------ Supplied material

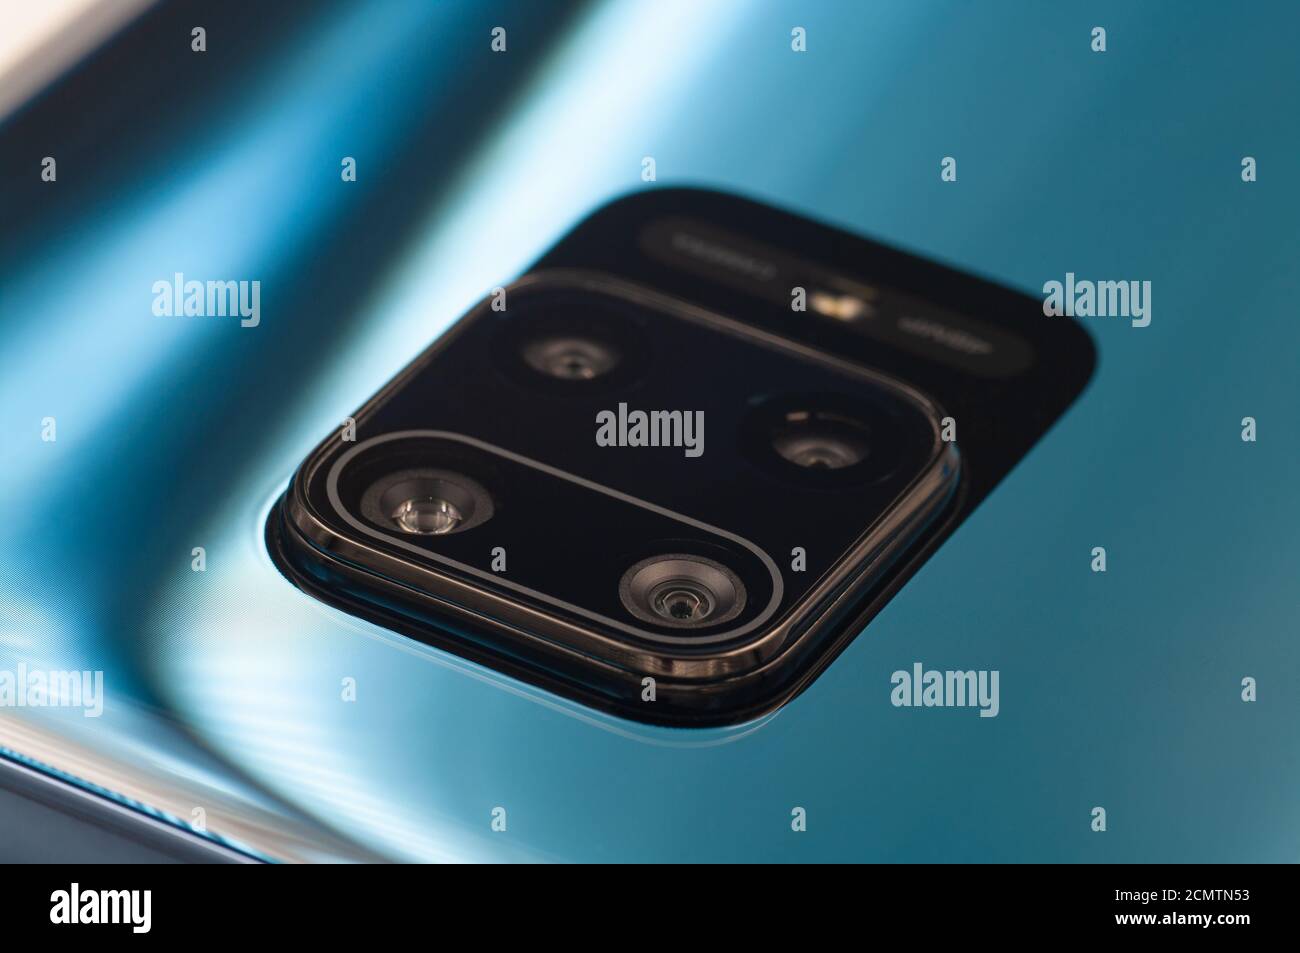 Telefono moderno blu con obiettivo a quattro fotocamere e primo piano con flash. Messa a fuoco selettiva Foto Stock
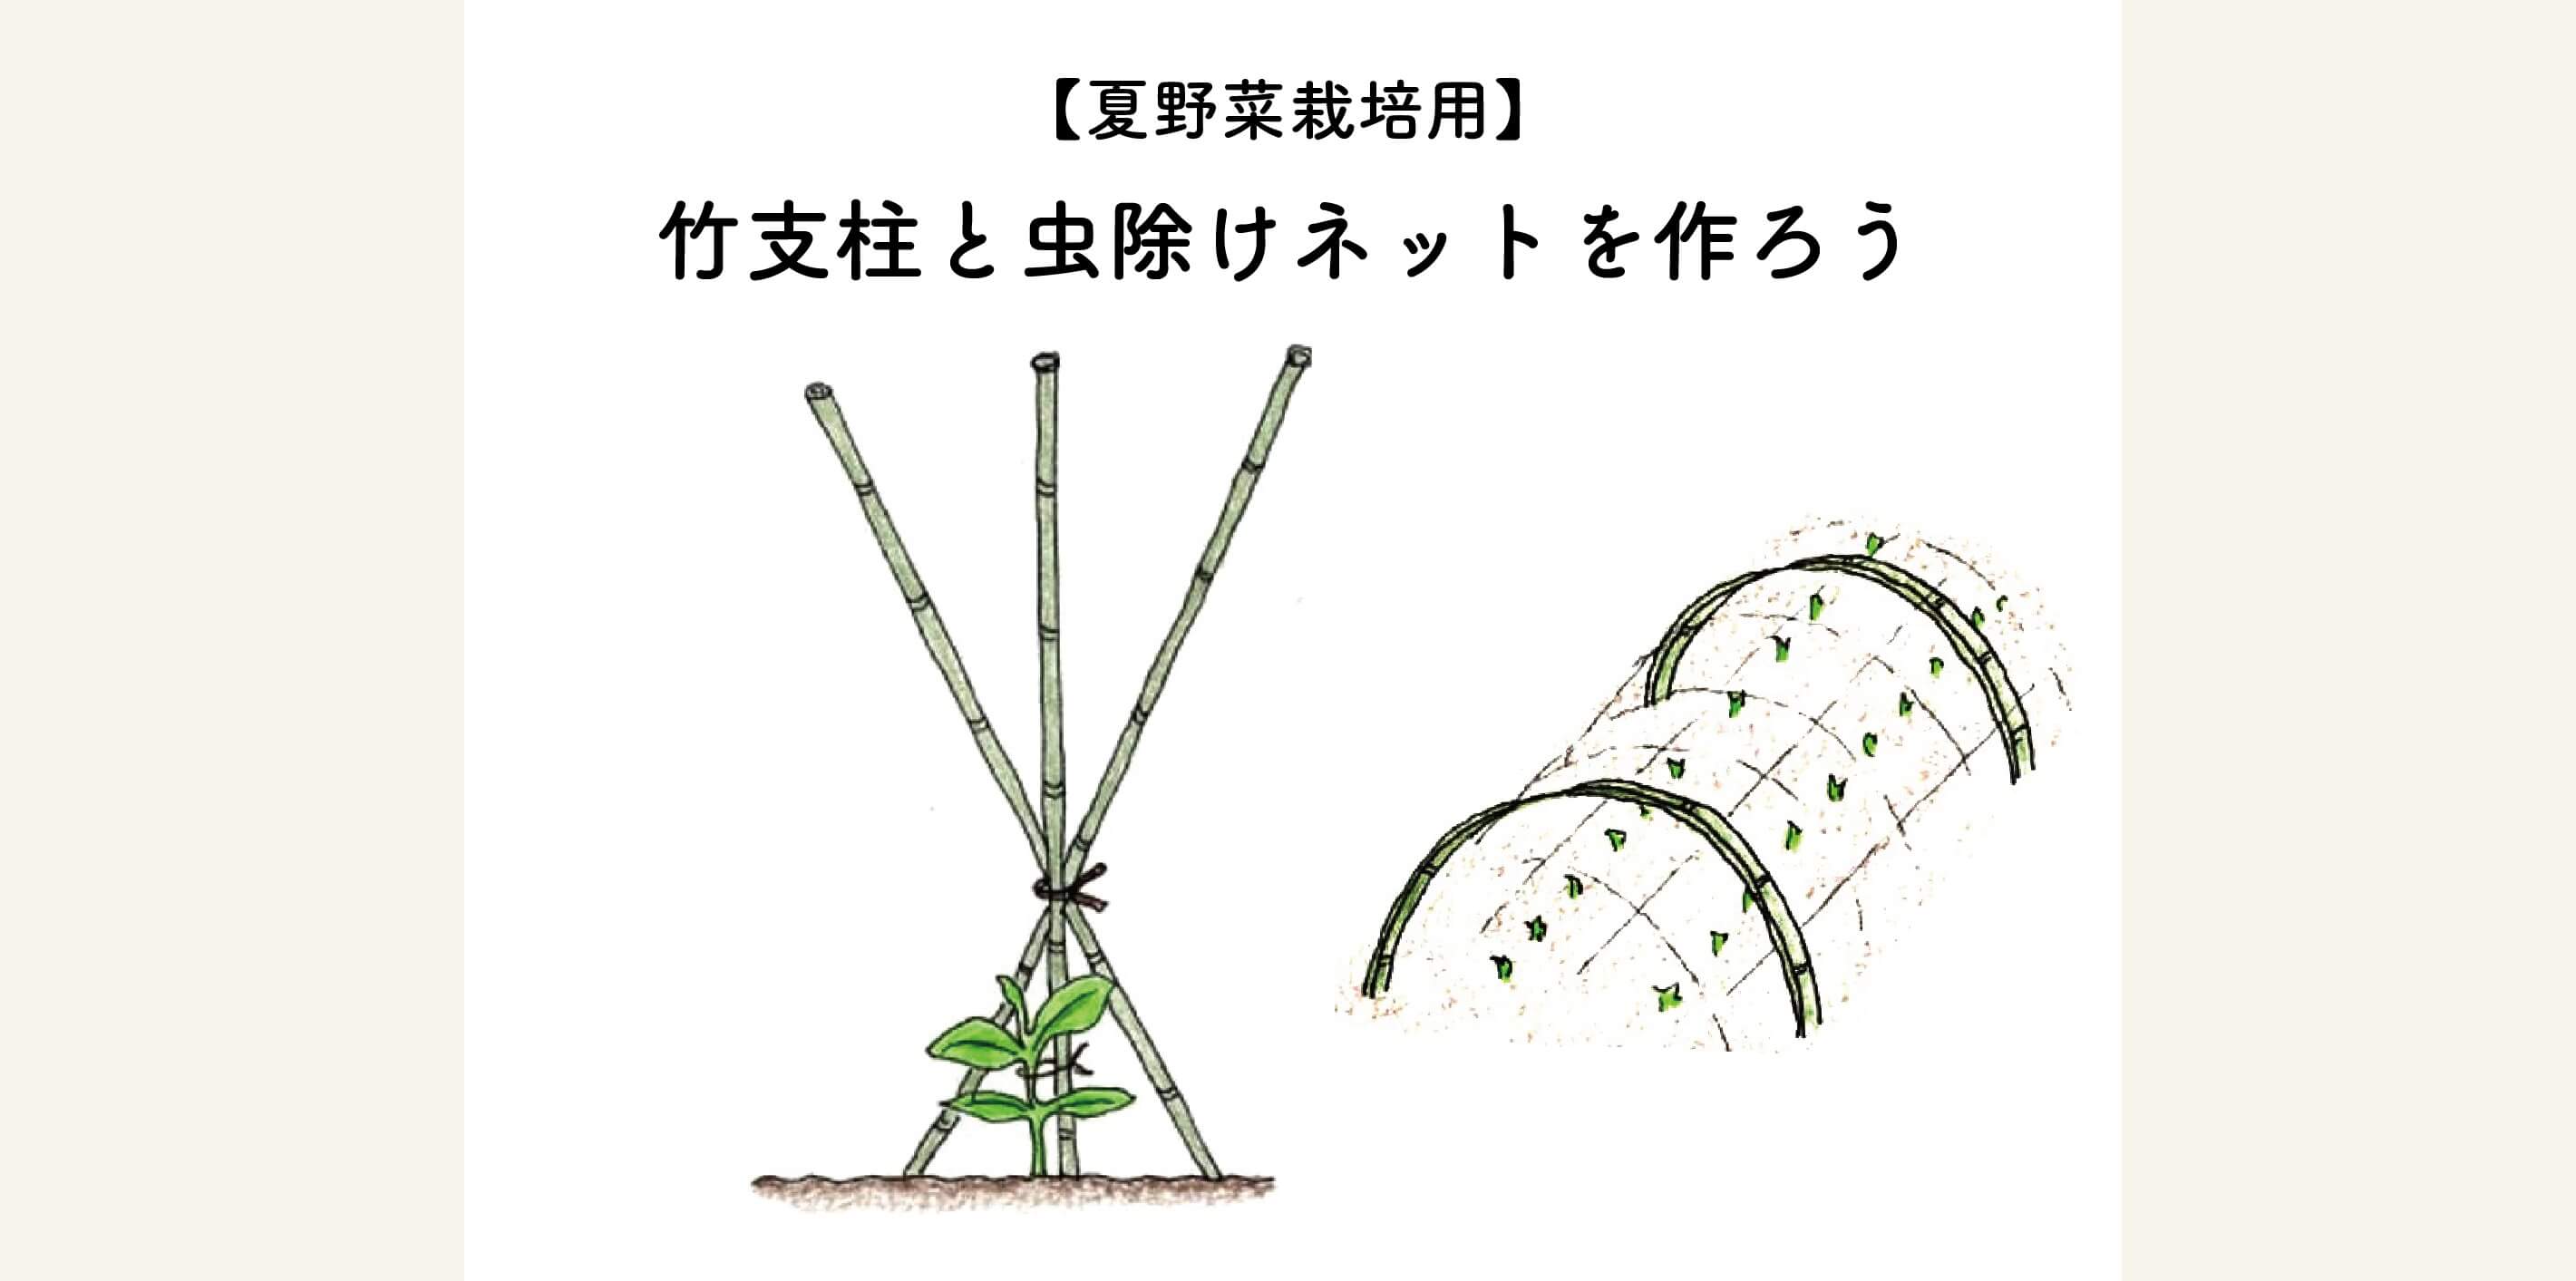 見た目も綺麗で美しい 夏野菜栽培用の竹支柱と虫よけネットをつくろう 切るを楽しむ アルスコーポレーション株式会社
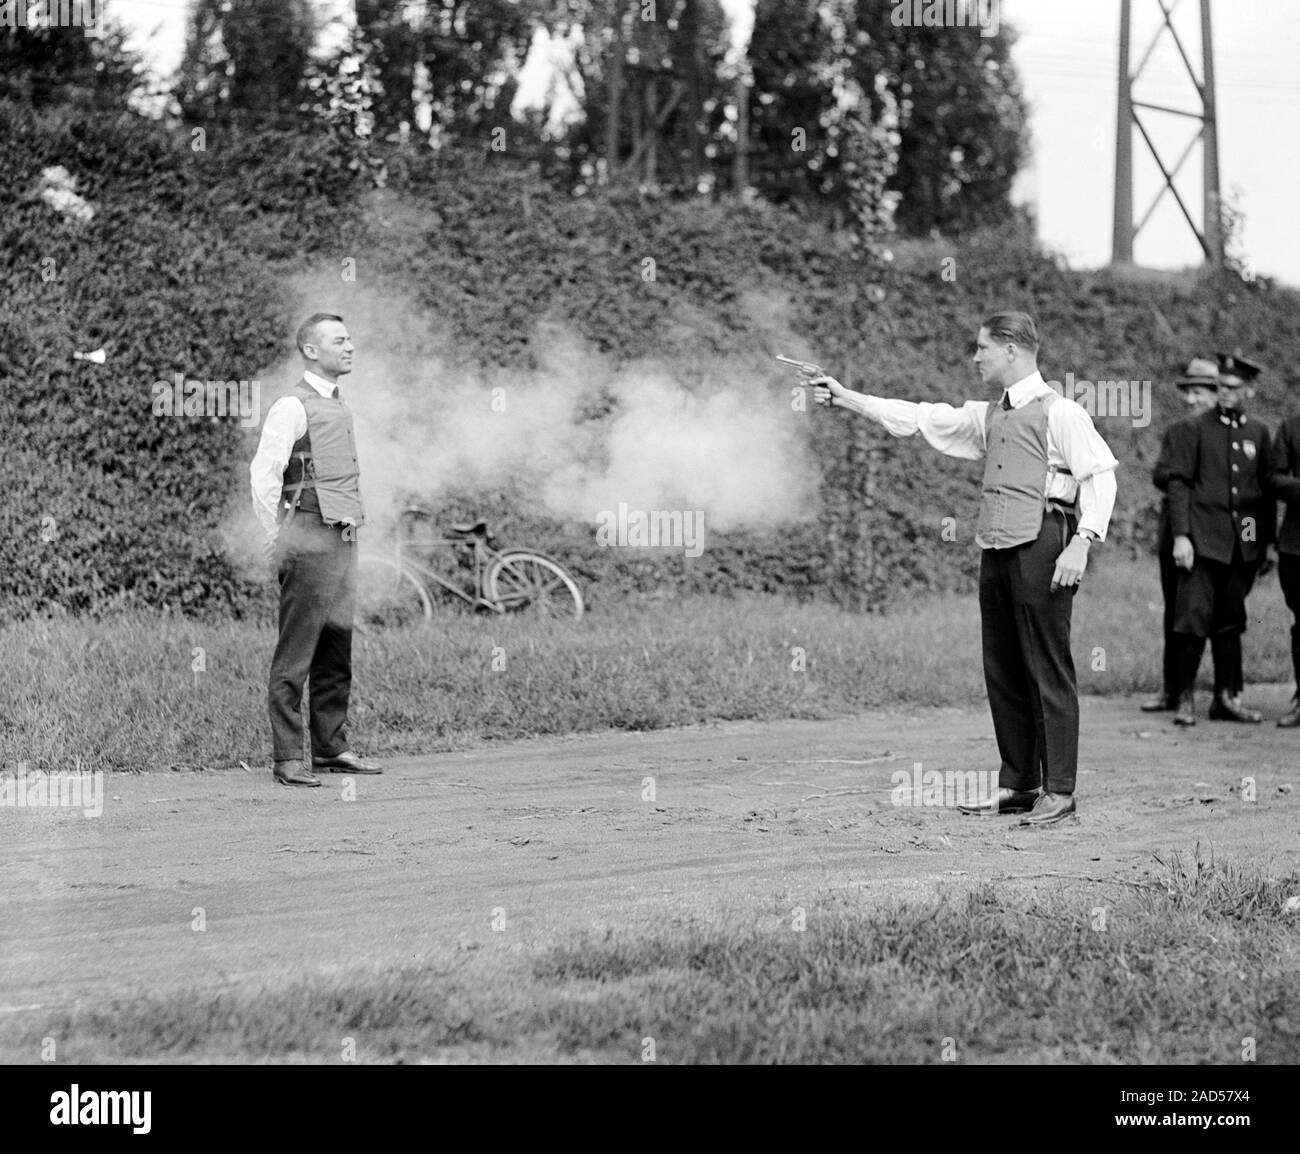 Schusssichere Weste Prüfung, 1920er Jahre. Revolver, feuerte eine schusssichere  Weste, auf der linken Seite getragen zu testen. Kugelsichere Westen sind  aus Materialien hergestellt, die Stockfotografie - Alamy

------------

▶ _What you have to do_: Only the words belong in your copy: restate the data above exactly and leave the images out.

▶ _Solution to the problem_:
 Telefono moderno blu con obiettivo a quattro fotocamere e primo piano con flash. Messa a fuoco selettiva Foto Stock
 見た目も綺麗で美しい 夏野菜栽培用の竹支柱と虫よけネットをつくろう 切るを楽しむ アルスコーポレーション株式会社
 Schusssichere Weste Prüfung, 1920er Jahre. Revolver, feuerte eine schusssichere  Weste, auf der linken Seite getragen zu testen. Kugelsichere Westen sind  aus Materialien hergestellt, die Stockfotografie - Alamy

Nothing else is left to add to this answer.